WASHINGTON — It’s by far the hottest controversy in real estate this summer and it could directly affect the value of your house — probably negatively — by tens of thousands of dollars.
The issue concerns lowballed valuations and the new rules guiding appraisers in both price-depressed and rebounding markets. Consider these snapshots:
• In San Diego, Steve Doyle, division president for Brookfield Homes, is trying to close out the final 20 houses of a 120-unit single-family subdivision. Prices range from $340,000 to $350,000.
But recently there’s been a major hitch: Appraisers assigned by banks are coming in with valuations $60,000 or more below Doyle’s selling prices.
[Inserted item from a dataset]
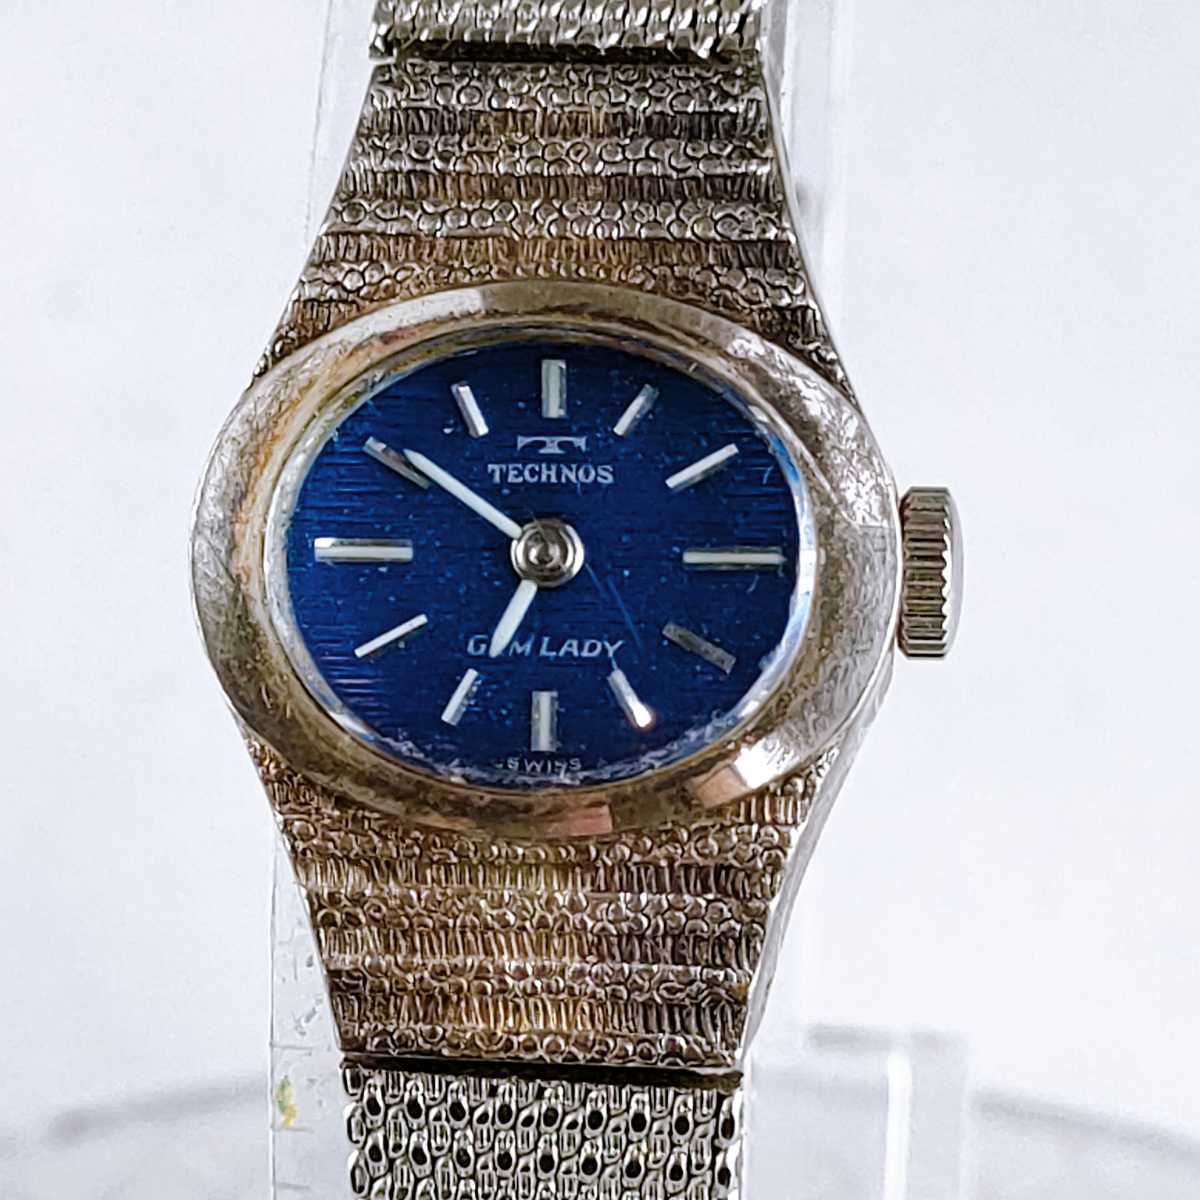 technos gemlady Tecnos наручные часы аналог Швейцария производства часы Vintage 2 стрелки синий циферблат аксессуары аксессуары античный retro

The appraisers, who Doyle says are unfamiliar with local market trends, inexperienced or both, are using foreclosures and short sales of existing houses as their “comparables.”
Some of the distressed properties are in poor condition, and all of them offer fewer amenities, Doyle said.
• In Wilmington, N.C., a loan applicant with an unblemished payment record and a house in excellent condition sought to refinance into a 4 ¾ percent mortgage. She had purchased the property four years ago for $160,000 and made about $20,000 worth of improvements.
Her loan application, according to Paul Skeens, president of Colonial Mortgage Group of Waldorf, Md., was “a slam dunk. Nothing to it.” The house was worth $180,000 to $200,000, according to a local realty estimate.
But when an appraiser with little local knowledge was sent in by a bank to value the house, he chose two short-sale properties that had both closed in the mid-$140,000 range, and one inheritance sale around $155,000.
The last property was “in horrible condition,” said Skeens. “I’d call it dog meat.” The deal-paralyzing appraised value that came in for the cream-puff refi: $149,000.
• In the suburbs near Cleveland, Enzo Perfetto, manager of Enzoco Homes, builds custom houses on clients’ lots.
He said banks have begun assigning appraisers from far outside the area to value lots as part of mortgage packages on new homes. Some of the comparables they use are foreclosures, and that depresses land valuations.
A young couple who paid $75,000 for their lot recently had it valued at $30,000 by an out-of-area appraiser who only looked at online data, according to Perfetto. That discouraged the young couple from proceeding.